:: WHAT THE EXERCISE ASKS ::
Please output exactly the part of the records below that opens with the line containing "Great ... Contemporary" and closes with the line containing "GUESS Damens's VARIKA", both lines included, and nothing else.

:: EXTRACTED DATA ::
==============================
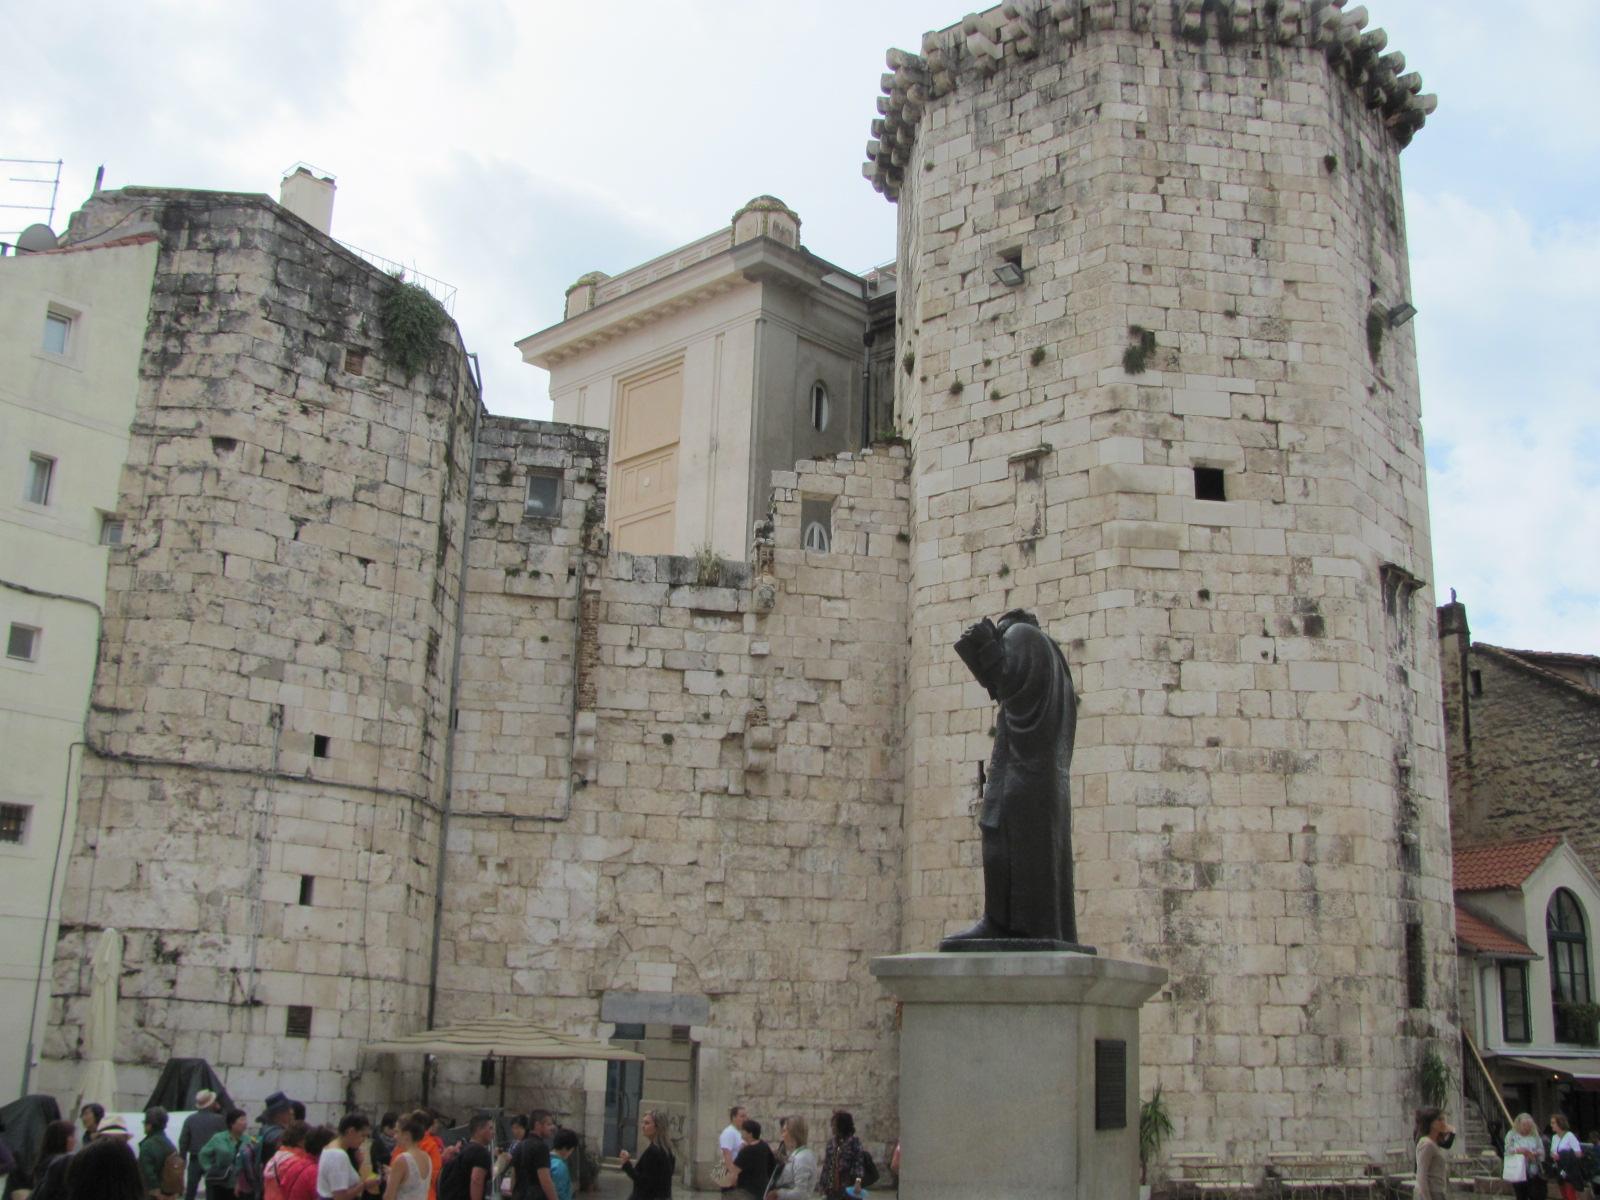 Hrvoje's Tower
==============================
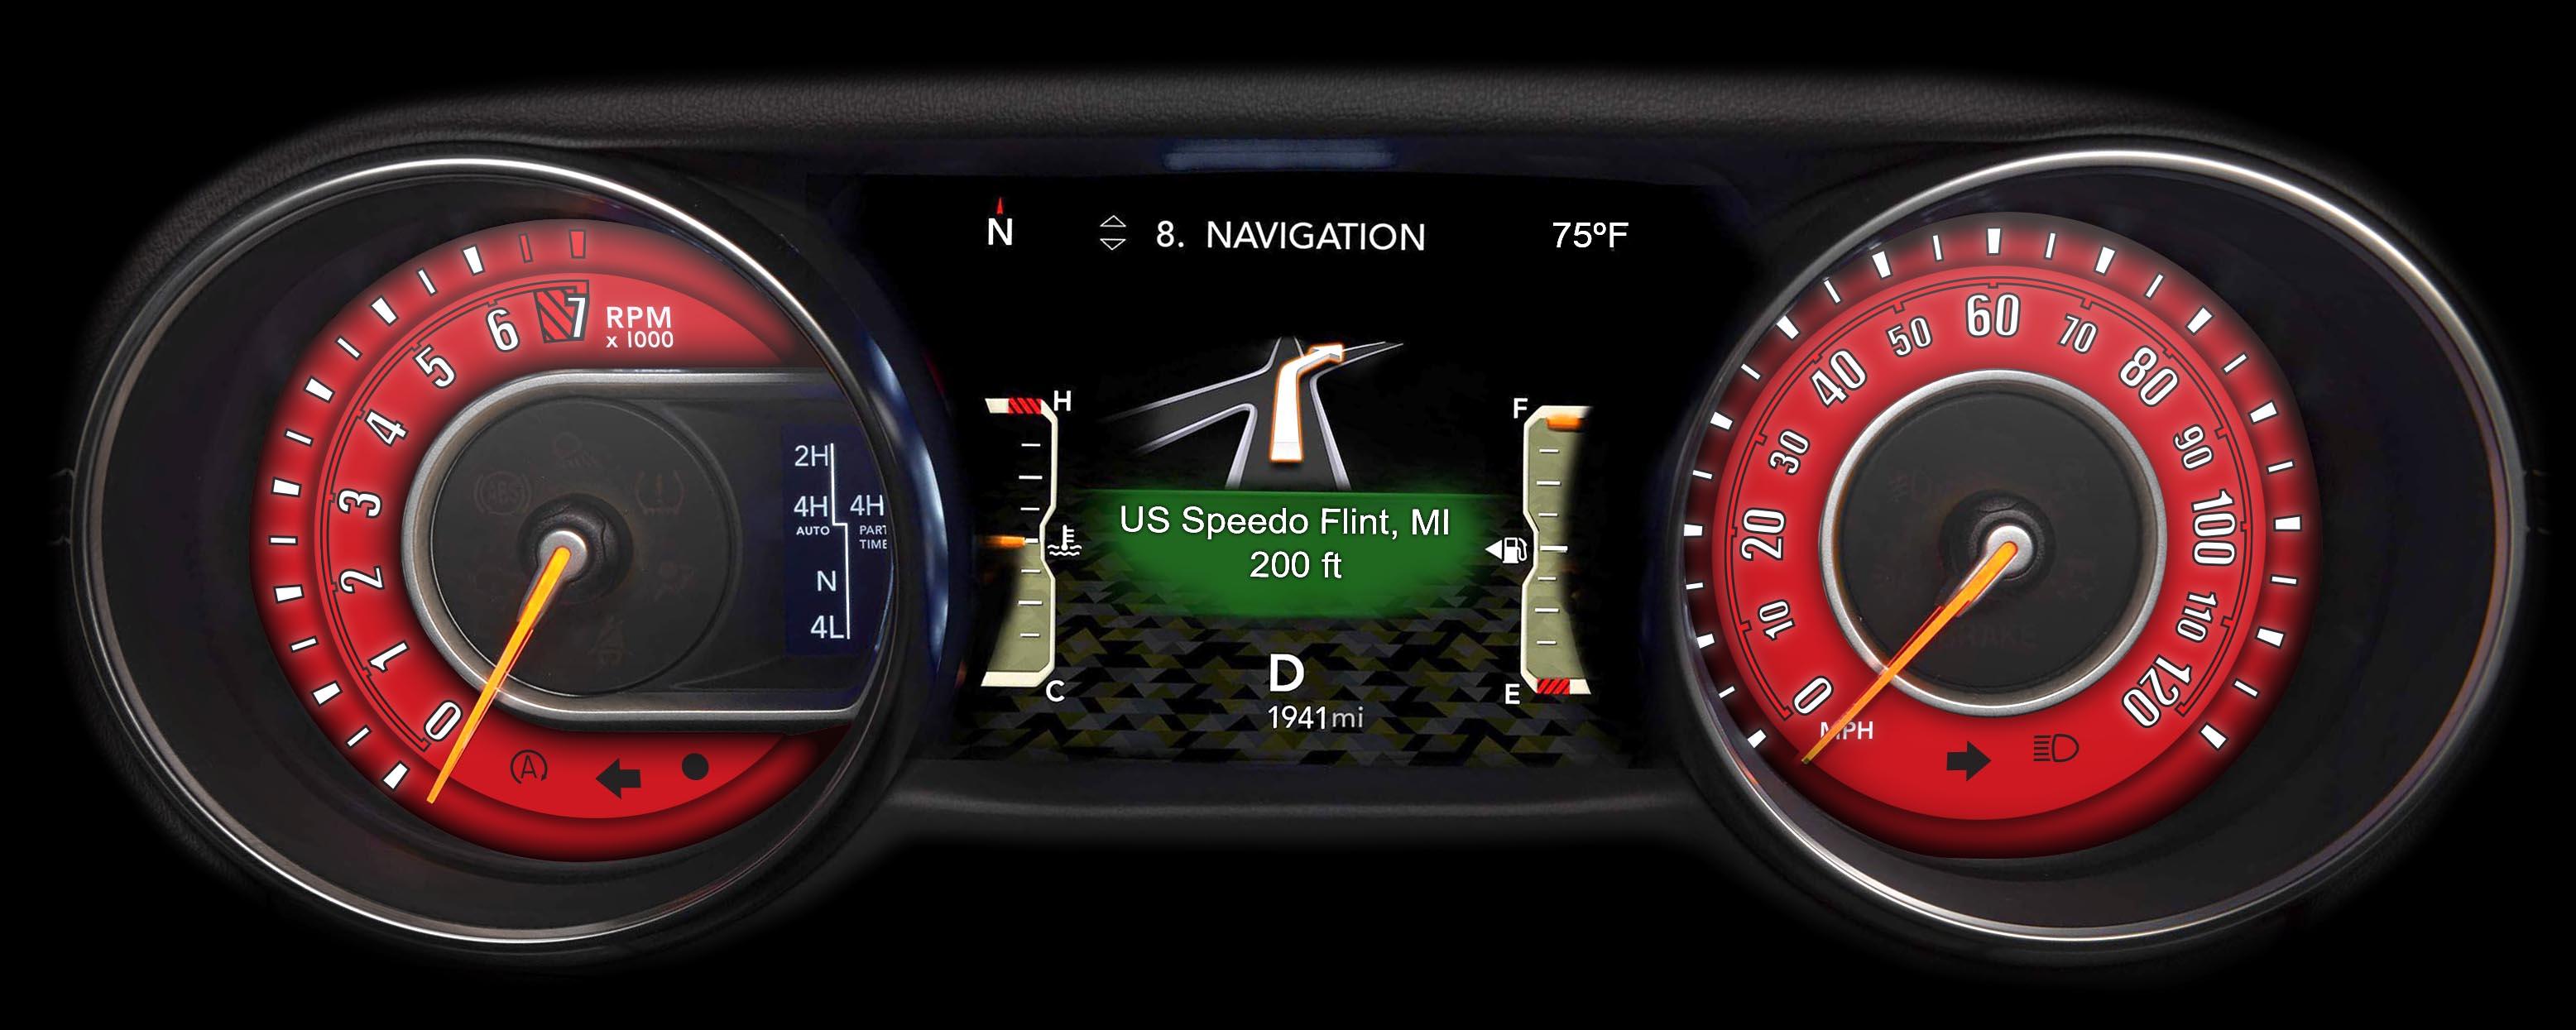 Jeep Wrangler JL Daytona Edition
==============================
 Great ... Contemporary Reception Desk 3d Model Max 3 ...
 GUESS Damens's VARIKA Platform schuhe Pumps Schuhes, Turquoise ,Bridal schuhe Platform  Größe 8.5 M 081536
==============================
:: RESULT FOR THIS TASK ::
 Great ... Contemporary Reception Desk 3d Model Max 3 ...
 GUESS Damens's VARIKA Platform schuhe Pumps Schuhes, Turquoise ,Bridal schuhe Platform  Größe 8.5 M 081536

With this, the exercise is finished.